Bill has cystic fibrosis and received a double-lung transplant approximately 8 months ago. When you see him in your follow-up clinic today he looks far more short of breath than on his last appearance. Your nurse measures his oxygen saturation at rest on room air (normal, nonsmoker: 97%-100%), and you are disturbed to find his level only 88%. He becomes quite cyanotic (low oxygen supply to peripheral tissues) with minimal exertion in your office. He has diffuse wheezes throughout the lung fields and is afebrile. There has been no recent change in immunosuppressive therapy. You admit him to a hospital for further investigation.

QUESTIONS FOR GROUP DISCUSSION

1. What is the genetic defect in cystic fibrosis? To what types of infections are these patients particularly prone?
2. Explain why patients with cystic fibrosis are prone to infection with Staphylococcus aureus and Pseudomonas aeruginosa.
3. One of the first considerations in a patient with a relatively recent transplant is acute rejection. However, evidence of acute rejection typically occurs in the first 2 months, and so one would have expected some earlier indication that this was occurring. What is the accepted therapy for a patient who is undergoing acute rejection of the transplanted tissue? (See Introduction to Transplantation and Case 42.)
4. This patient had received a double-lung transplant (instead of a single lung). This is a generally accepted procedure for patients with cystic fibrosis. Explain.
5. What is your primary concern in a patient who is immunosuppressed? Explain why immunosuppressive therapy would predispose an individual to viral and fungal infections, in particular.
6. To which viral infections are immunosuppressed patients particularly prone? Describe the immunoevasive strategies that are protective for these viruses and explain why they hinder destruction of the virally infected cells.
7. The wheezing probably reflects generalized airway irritation/hyperreactivity and not a type I hypersensitivity reaction in that no change in medication is reported. Type I hypersensitivity reactions are associated with the production of IgE, mast cell degranulation, histamine and leukotriene release, and eosinophilia. As a review, discuss the mechanisms by which each of these occurs with emphasis on the role of interleukin (IL)-4 and IL-5.
8. A bronchoscopy sample of this patient’s lung revealed a chronic inflammatory/fibrosing picture referred to as bronchiolitis obliterans (loss of small airways and chronic graft loss). Explain why increasing immunosuppressants would not help this patient yet would help a patient experiencing acute rejection. (Bronchoscopy is a diagnostic technique in which a tiny camera, within a tube, is inserted into the lungs via the nose or mouth. In addition to generating a “picture” of the airways, it is possible to obtain samples of the lung tissue and secretions.) (See Introduction to Transplantation and Case 42.)
9. Treatment measures are still in their infancy, among which is the administration of IL-10 in aerosolized fashion. Explain the rationale for this approach. Include in your discussion each of the following: antigen-presenting cells; natural killer (NK) cells; Thp, Th0, and Th1 cells; and type 1 cytokines.
10. Explain the rationale for considering anti-integrin antibodies as therapeutic agents for chronic rejection. (Hint: inflammation is a component of chronic rejection.) What is the “down side” to this type of approach?

RECOMMENDED APPROACH

Implications/Analysis of Family History

Cystic fibrosis is an autosomal recessive disorder resulting from mutations in a gene that encodes the cystic fibrosis transmembrane regulator (CFTR), an epithelial chloride channel expressed in a number of tissues, including airways, testis, and pancreas. Depending on the mutation, CFTR may function abnormally or not be expressed at all. Although we are not given a family history, Bill’s parents would both have been carriers (heterozygotes) for the mutated CFTR. In the general population the frequency of heterozygosity is 1:40, with the incidence of CF about 1:2000.

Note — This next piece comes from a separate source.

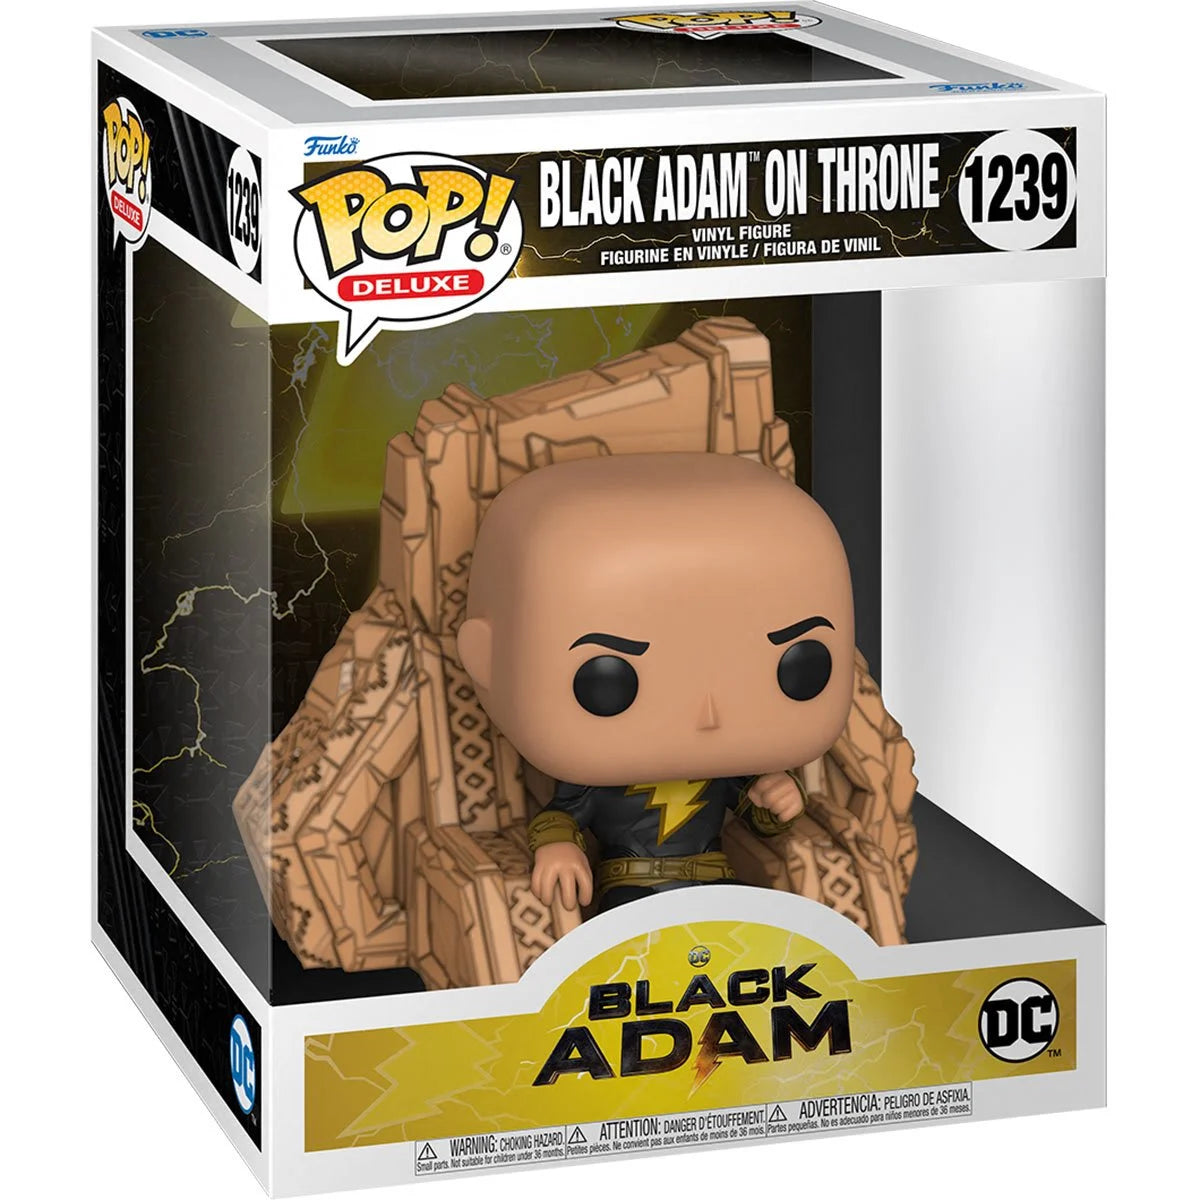 Black Adam on Throne Deluxe Pop! Hasbro
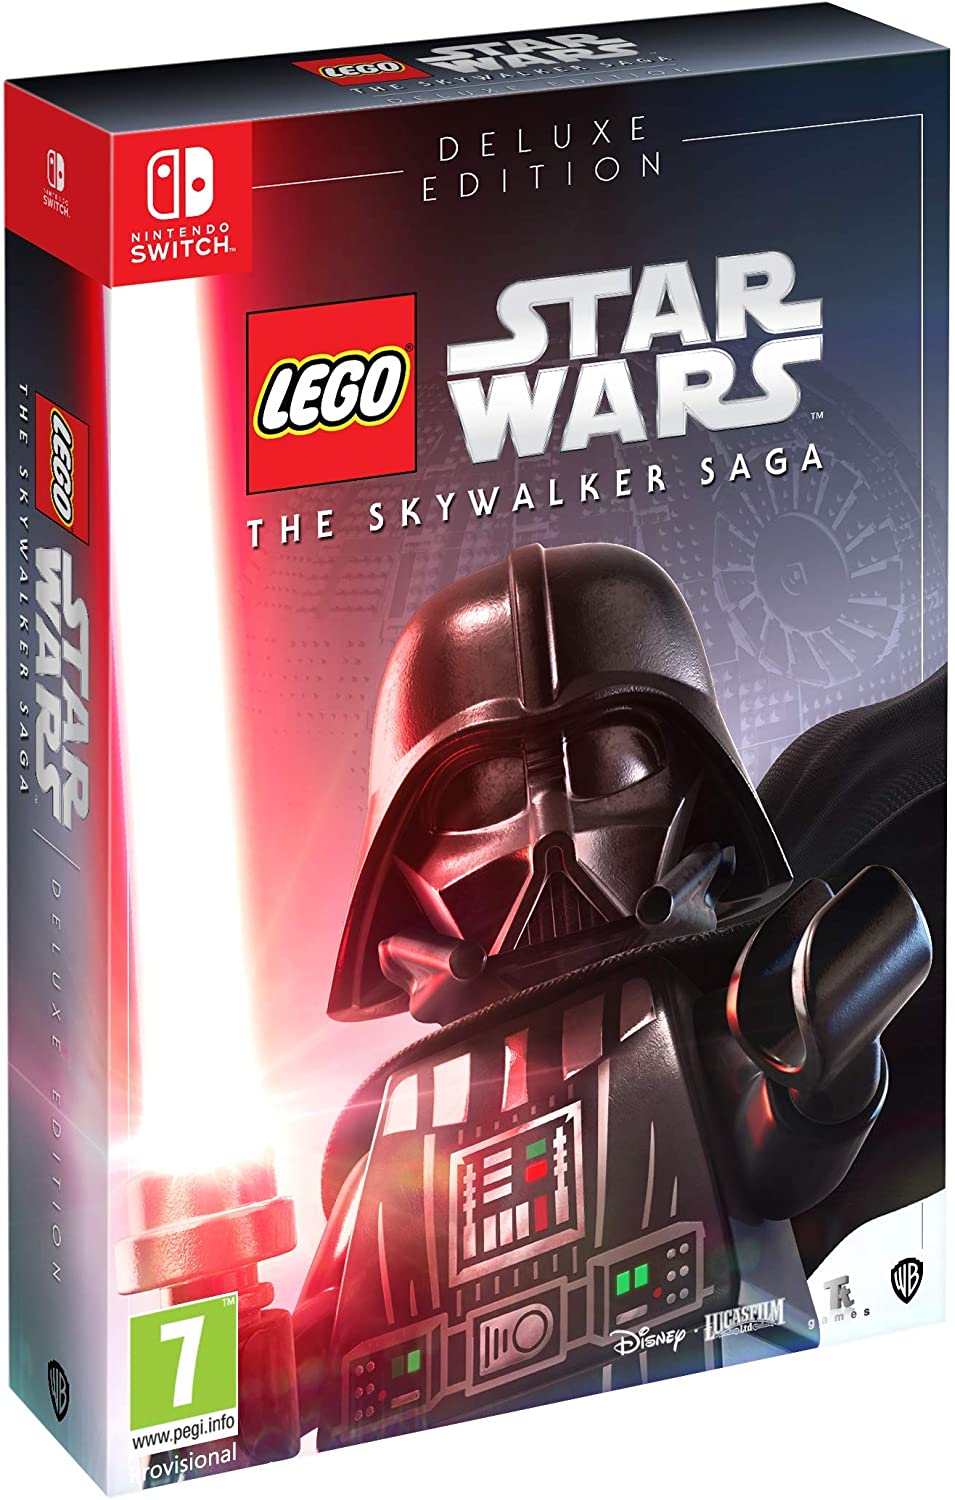 LEGO Star Wars: The Skywalker Saga - Deluxe Edition (Switch), Warner Bros

Implications/Analysis of Clinical History

Patients with cystic fibrosis represent the highest group receiving double-lung transplants for end-stage lung disease. These patients generally receive a double-lung transplant instead of a single lung because Staphylococcus aureus and Pseudomonas aeruginosa infections are common in this patient population. Given that Bill had a double-lung transplant, a bacterial infection as a result of cross-contamination from the donor lung is unlikely, particularly since he is afebrile.

The fact that Bill is short of breath with minimal exertion suggests that his peripheral tissues are not receiving sufficient oxygen. In addition, the wheezes throughout the lung fields probably reflect generalized airway irritation/hyperreactivity and should be treated with bronchodilators and/or corticosteroids (which is temporizing therapy until we find the cause). There is no change in medications reported. Thus, it is (in general) unlikely to be a new hypersensitivity reaction to a medication. Such a reaction would likely be associated with predominant IL-4/IL-5 and leukotriene mediator release, along with hypereosinophilia.

The fact that Bill is receiving immunosuppressive therapy, a viral infection, particularly with cytomegalovirus (human herpesvirus 5) or Epstein-Barr virus (human herpesvirus 4) as a causative agent for pneumonitis is plausible.

These viruses sabotage the expression of the peptide/class I MHC complexes on the cell surface. This effectively protects the virus and the infected cells can serve as veritable “factories and reservoirs” for viruses.

Implications/Analysis of Laboratory Tests

Your nurse measures Bill’s oxygen saturation at rest on room air (normal, nonsmoker: 97%-100%), and you are disturbed to find his level only 88%. Oxygen saturation is a measure of the amount of oxygen bound to hemoglobin and hence carried by circulating red blood cells. This can be measured using a pulse oximeter, which is a noninvasive technique in which a probe is attached to a patient’s finger. The probe is linked to a computerized unit that displays the value as a percentage. An oxygen saturation value of less than 90% puts the patient at risk for chronic hypoxic damage to end organs (e.g., brain, heart, lungs, kidney). Alternatively, the amount of oxygen in a sample of arterial blood can be measured directly.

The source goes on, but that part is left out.